WHAT IS BEING ASKED:
Write out the listing from the line with "Tri Coloured King" to the line with "store interior (l)", both lines included, exactly and nothing beyond. Leave pictures out.

AVAILABLE DATA:
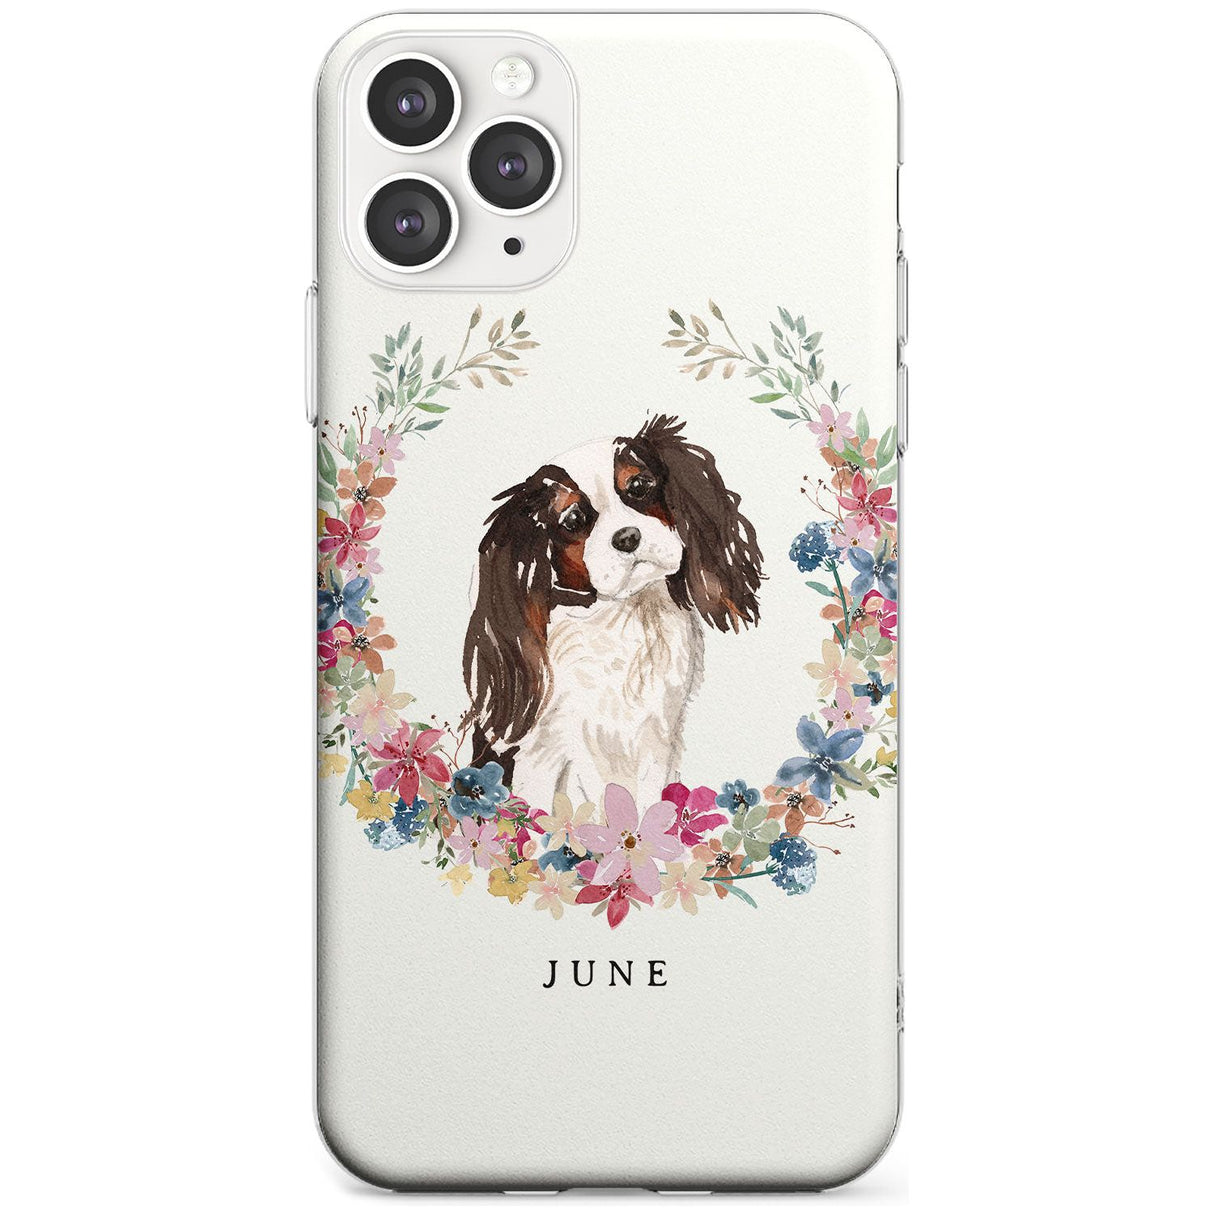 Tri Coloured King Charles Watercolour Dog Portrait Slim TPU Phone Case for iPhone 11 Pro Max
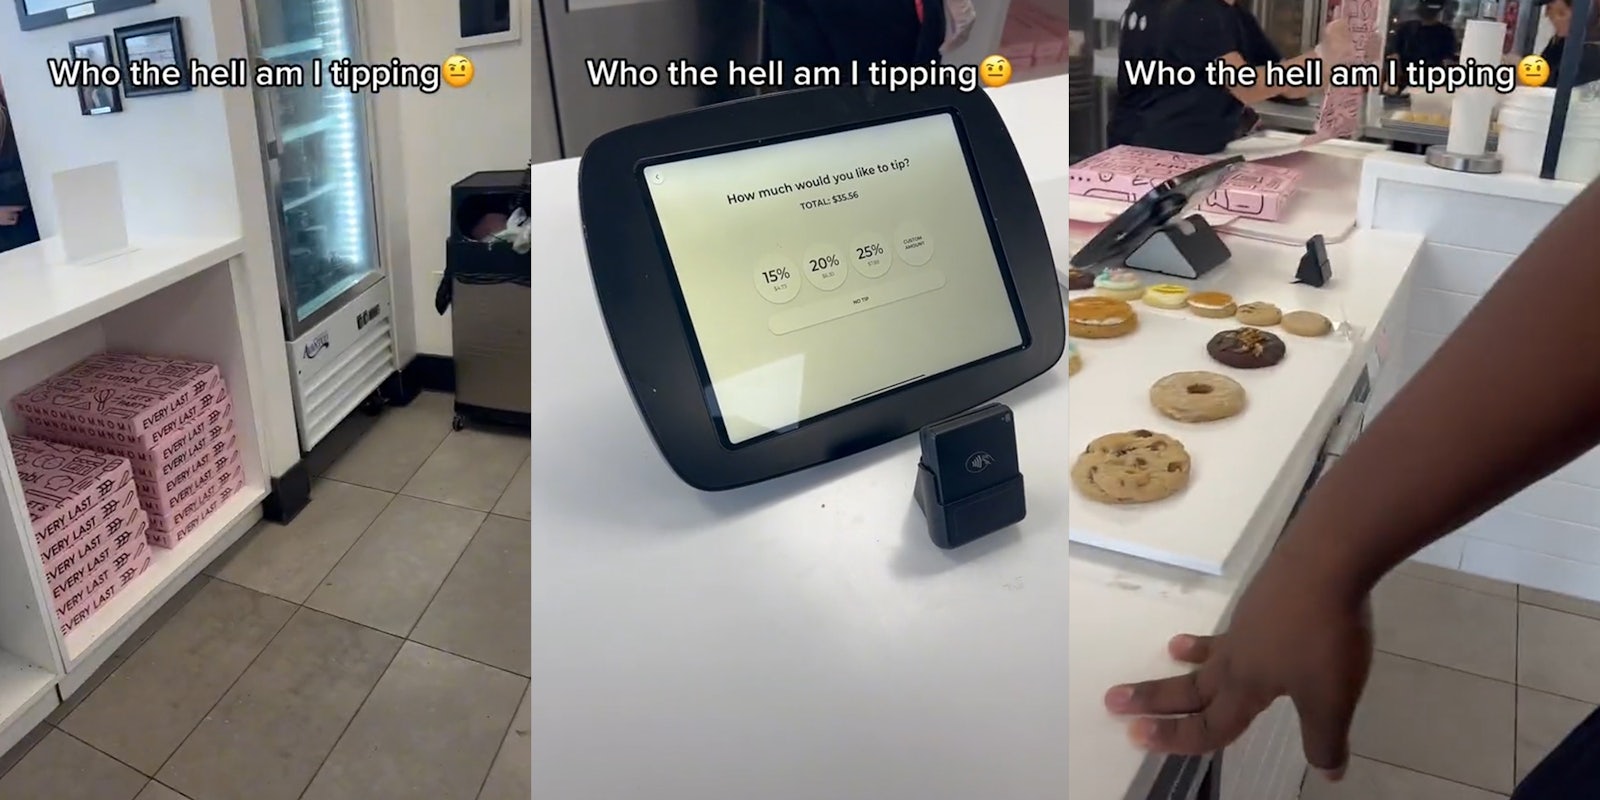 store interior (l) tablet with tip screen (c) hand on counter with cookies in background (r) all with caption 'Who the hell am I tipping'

...

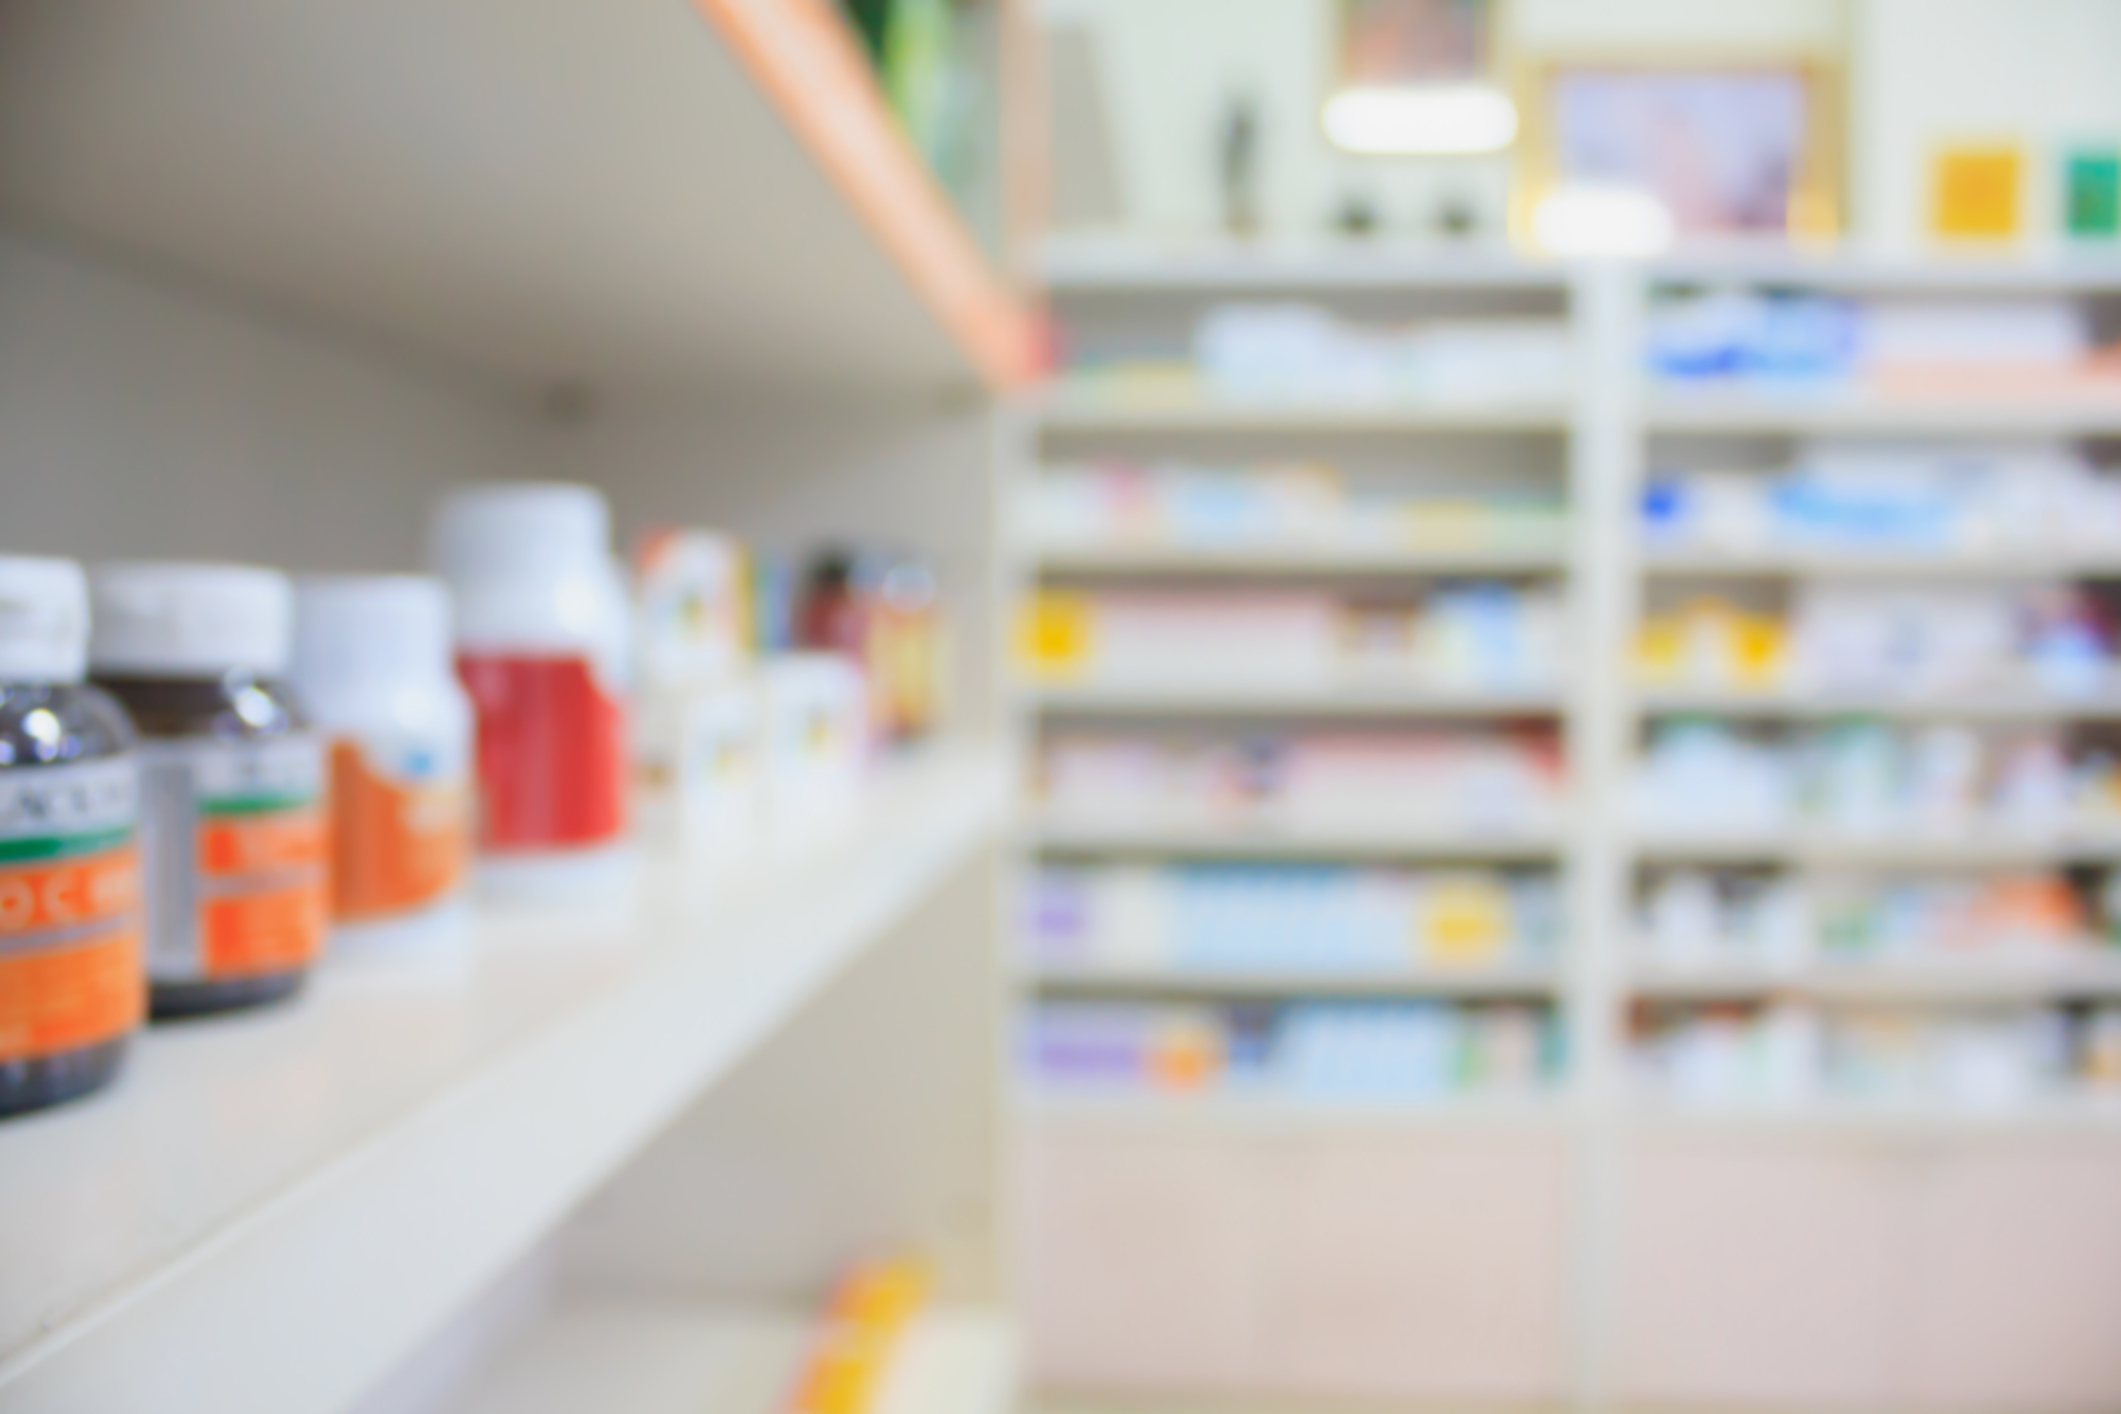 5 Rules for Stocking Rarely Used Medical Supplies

ANSWER TO THE EXERCISE:
 Tri Coloured King Charles Watercolour Dog Portrait Slim TPU Phone Case for iPhone 11 Pro Max
 store interior (l) tablet with tip screen (c) hand on counter with cookies in background (r) all with caption 'Who the hell am I tipping'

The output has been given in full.